Noble Corporation plc announces changes to its share capital
SUGAR LAND, TEXAS, December 31, 2022 /CNW/ - Noble Corporation plc ("Noble") (CSE: NOBLE, NYSE: NE) today announces changes to its share capital. During the period since November 30, 2022, 685 new A ordinary shares each with a nominal value of USD 0.00001 have been issued and 407,477 A ordinary shares have been cancelled.
685 new A ordinary shares have been issued to certain holders of warrants as a consequence of the exercise of warrants. The exercise price was USD 19.27 per A ordinary share for 171 of the new A ordinary shares, USD 23.13 per A ordinary share for 456 of the new A ordinary shares, USD 124.40 per A ordinary share for 3 of the new A ordinary shares, and 55 A ordinary shares were issued as a result of a cashless exercise. The total proceeds to Noble from the warrant exercises amount to USD 14,215.65.
The new A ordinary shares carry the same rights as the existing A ordinary shares of Noble.

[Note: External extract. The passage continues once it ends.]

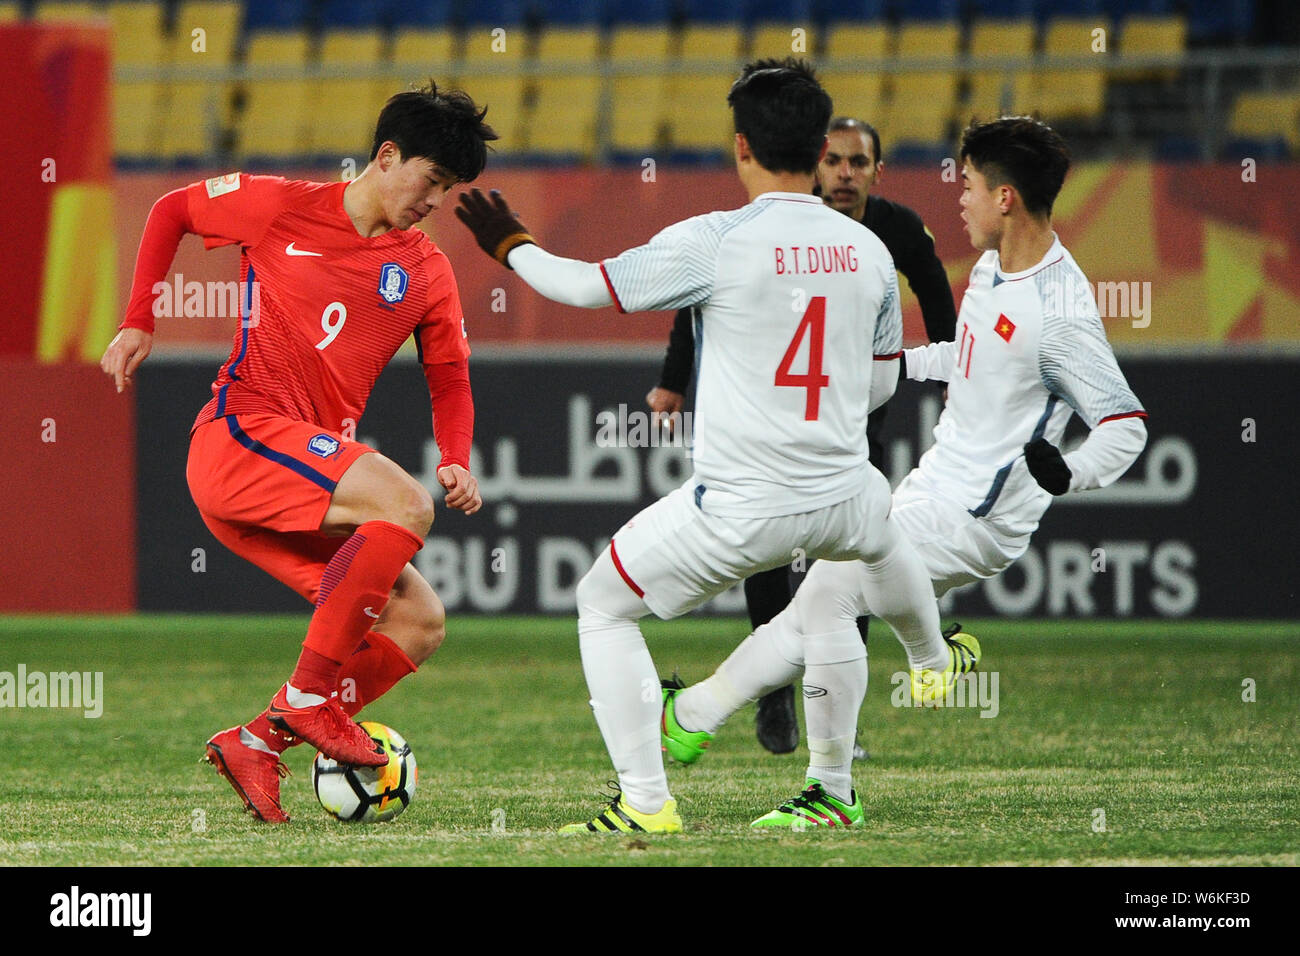 Lee Keun Ho, left, of South Korea kicks the ball to make a pass against Bui Tien Dung and Do Duy Manh of Vietnam in their Group D match during the 201 Stock Photo
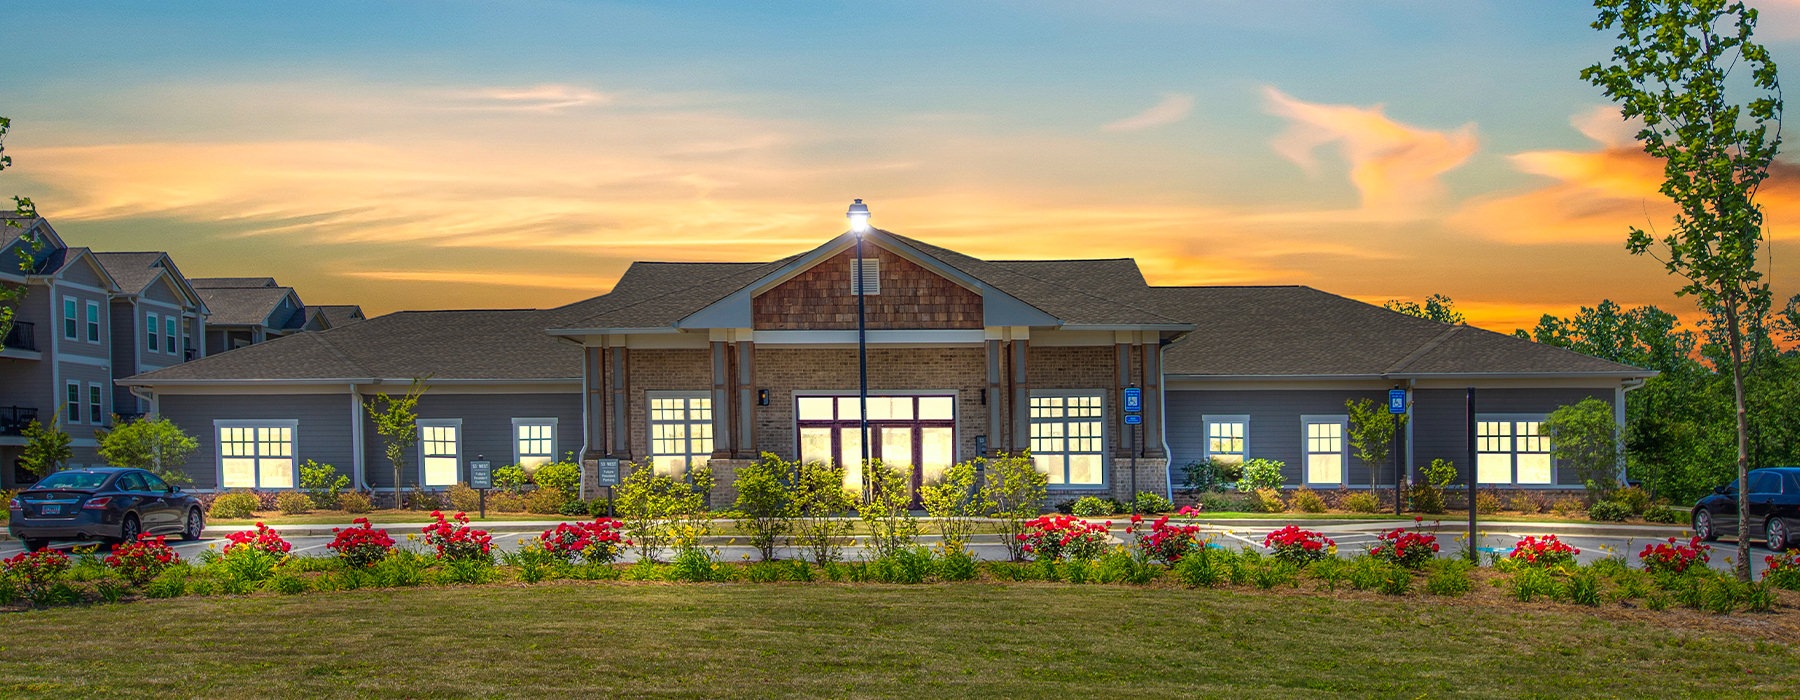 Exterior view of the leasing office during sunset

The new A ordinary shares will be admitted to trading and official listing on Nasdaq Copenhagen.
In addition, 407,477 A ordinary shares which had been acquired by Noble through a share repurchase program have been cancelled.
As a result of the changes, there are a total of 134,680,847 A ordinary shares of Noble issued and outstanding with a nominal value of USD 0.00001 each.
Pursuant to section 32 of the Danish Capital Markets Act, Noble also hereby announces the total nominal value of its issued share capital and the total number of voting rights:
Number of shares | Number of voting rights | Share capital | |
A ordinary shares of USD 0.00001 | 134,680,847 | 134,680,847 | USD 1,346.80847 |
Total | 134,680,847 | 134,680,847 | USD 1,346.80847 |
IMPORTANT INFORMATION
This announcement is for information purposes only and does not constitute or contain any invitation, solicitation, recommendation, offer or advice to any person to subscribe for or otherwise acquire or dispose of any securities of Noble.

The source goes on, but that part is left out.